China Cracks Down on Crypto-Based Forex Scheme, Five Sentenced for Illegal Trading
Quick Breakdown
- Five people convicted for using cryptocurrency in illegal foreign exchange trades worth ¥1.18 billion.
- Beijing prosecutors highlight case as model for tackling new crypto-related financial crimes.
- Investigation exposed cross-border USDT transactions used to disguise forex trading.
Beijing authorities have sentenced five individuals for using cryptocurrency to illegally trade foreign exchange, marking a major step in China’s ongoing effort to curb financial crimes tied to digital assets . The convictions were detailed in the Financial Procuratorial High-Quality Case Report (2024–2025) released during the 2025 Financial Street Forum in Beijing.
A Beijing court in China sentenced five individuals to prison terms ranging from two to four years for converting client-transferred RMB into USDT and transferring it across borders, effectively engaging in disguised foreign exchange transactions involving over $166 million.…
— Wu Blockchain (@WuBlockchain) October 29, 2025
Using USDT as a bridge for cross-border transactions
Between January and August 2023, the defendants—identified as Lin and four associates—operated a sophisticated network that used Tether (USDT) to facilitate illegal currency exchanges exceeding ¥1.18 billion ($160 million). Acting under the direction of an overseas “black market” exchange ring, they received large sums of yuan in domestic bank accounts, converted the funds into USDT through various trading platforms, and then moved the assets across borders to complete disguised forex transactions.
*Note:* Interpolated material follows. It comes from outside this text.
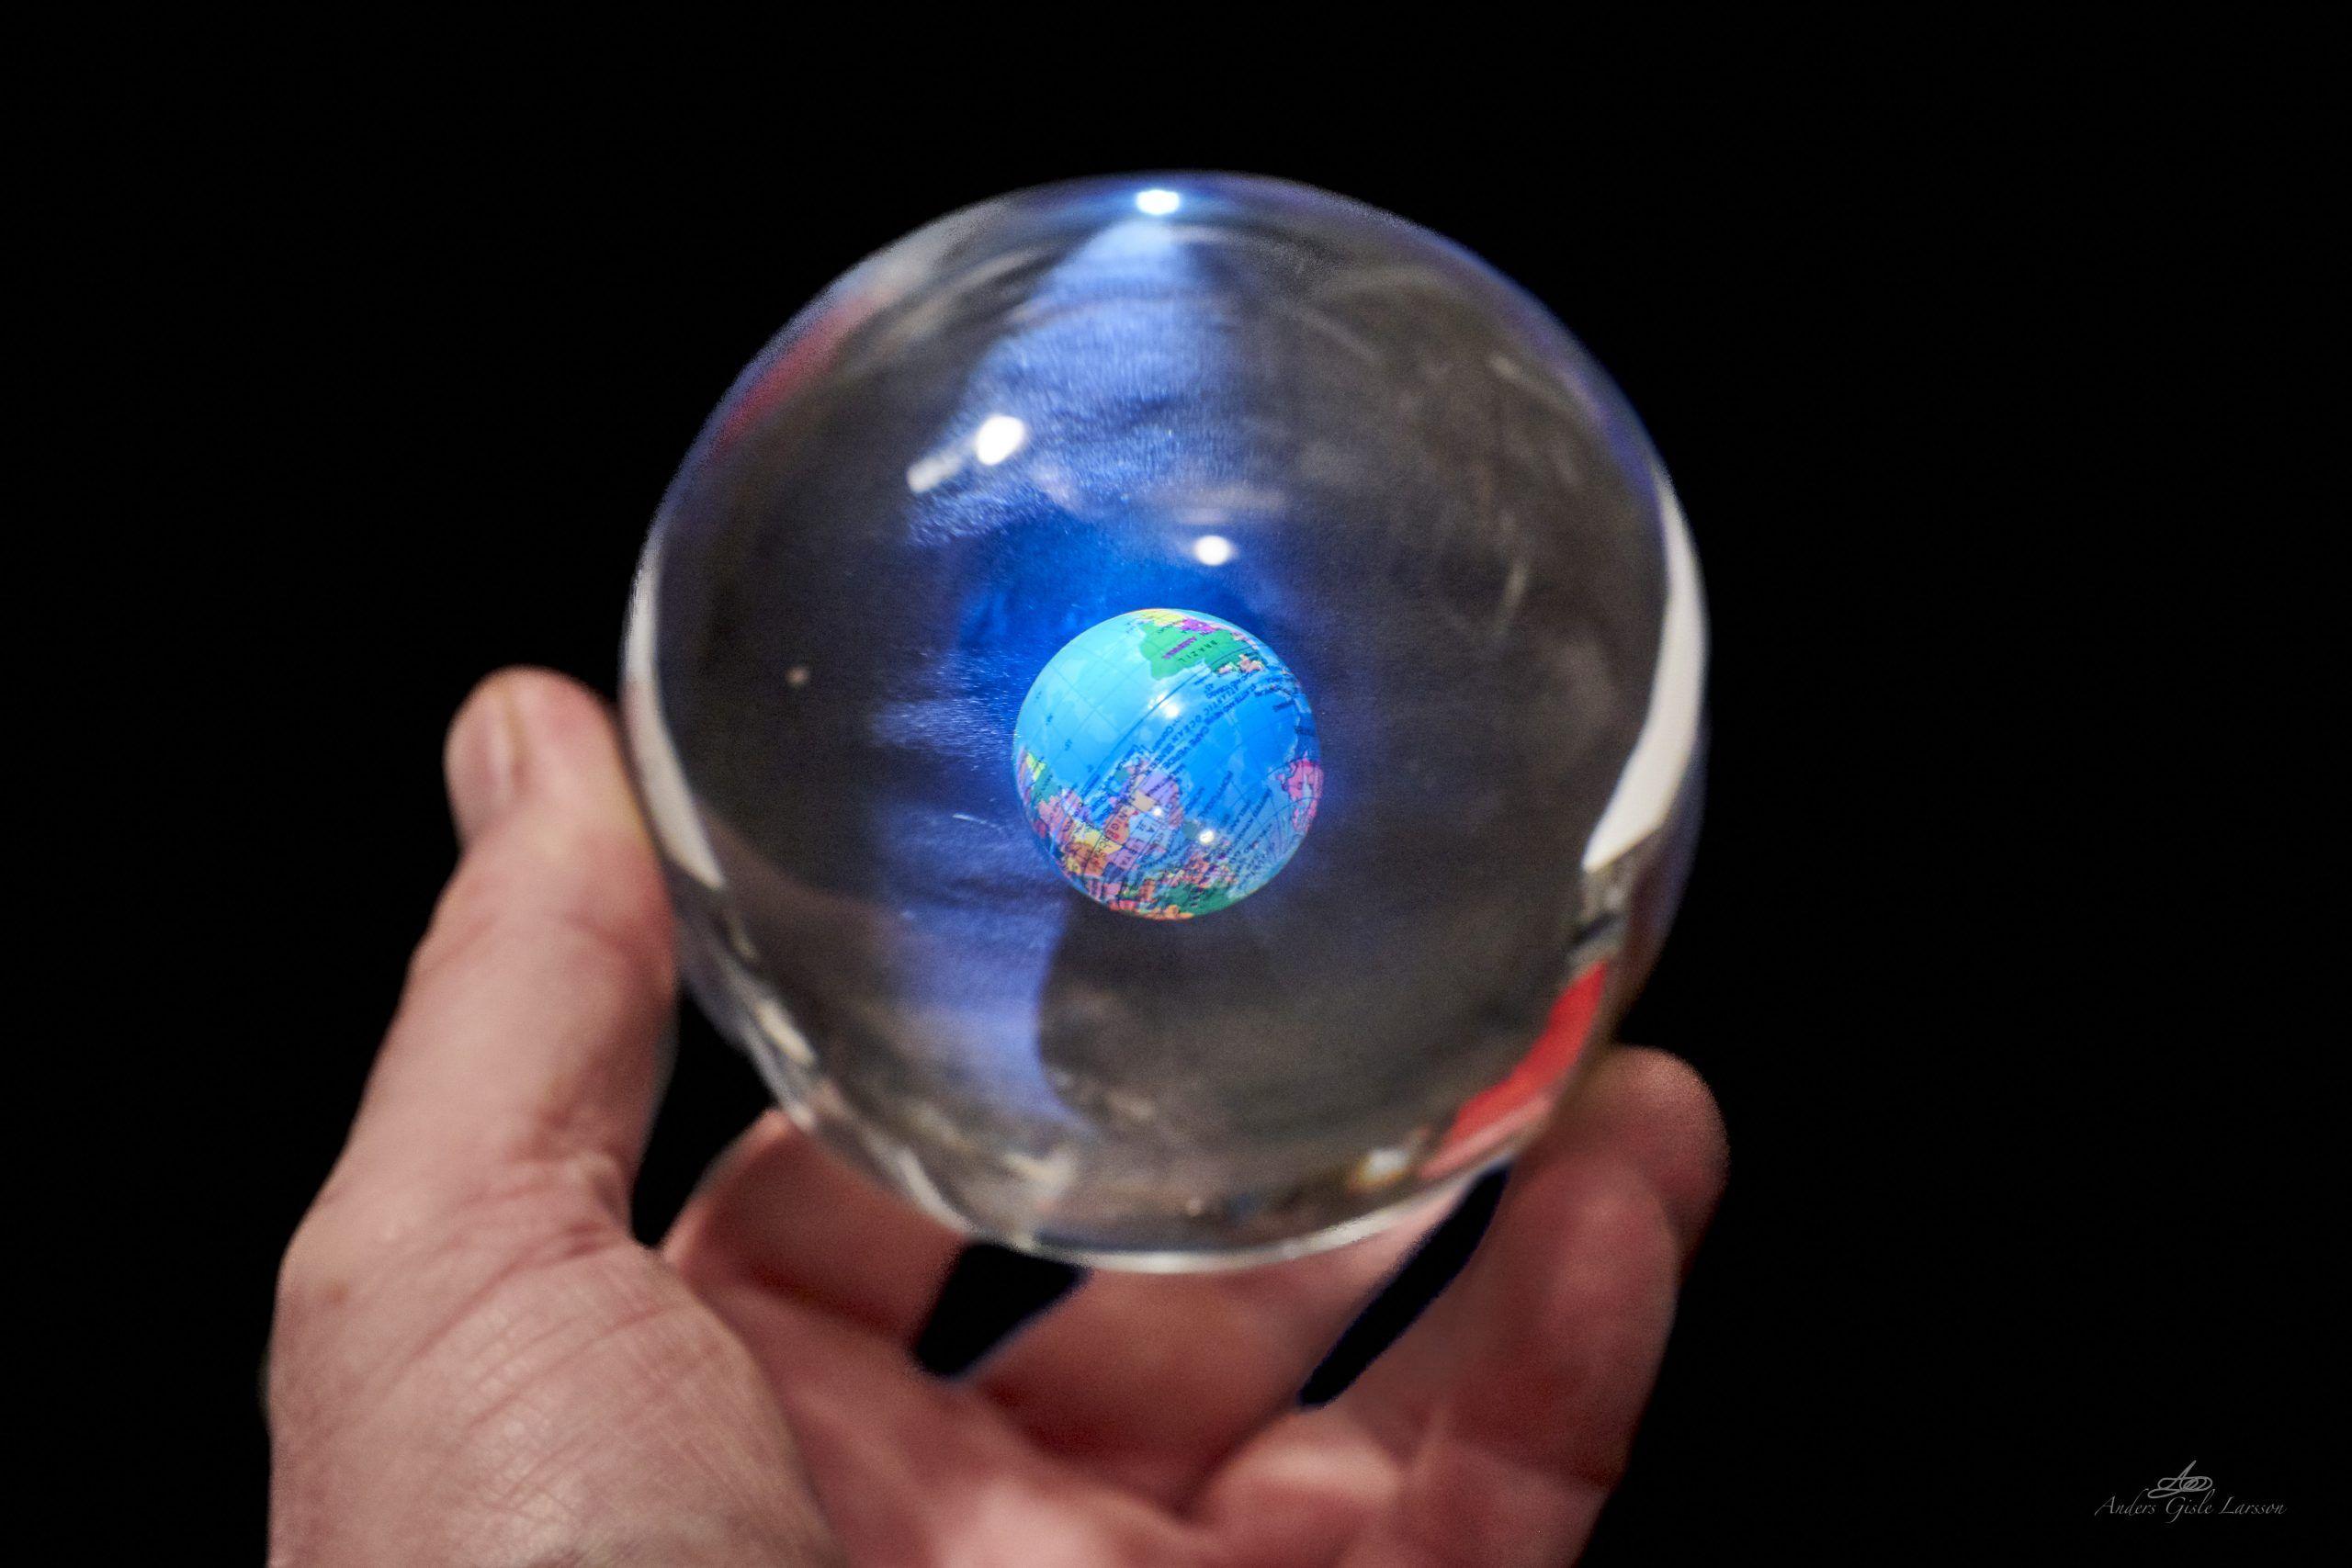 Small World, Alt er tilladt, Uge 6, 38/365, Assentoft, Randers

In March 2025, the Haidian District People’s Court found all five guilty of operating an illegal business. They received prison terms ranging from two to four years and were fined accordingly. The group admitted guilt and did not appeal, finalizing the verdict.
Strengthened evidence framework for crypto crimes
Prosecutors faced major challenges due to the encrypted and decentralized nature of cryptocurrency trading. To counter this, Beijing’s procuratorial team employed a “data-driven and tech-enabled” investigation strategy. They collaborated with technical experts to trace blockchain transactions, matched crypto movements with domestic banking records, and reconstructed full transaction chains linking yuan inflows to cross-border USDT conversions.
The case underscores China’s growing capacity to trace and prosecute crimes involving virtual currencies and illegal forex operations. Authorities say the methods developed in this investigation will serve as a model for tackling emerging financial crimes in the digital economy.
The crackdown in Beijing coincides with a broader international push to combat crypto-related financial misconduct. Global law enforcement agencies, working with blockchain intelligence firms, recently seized more than $300 million in cryptocurrency tied to cybercrime and fraud through two coordinated multinational operations.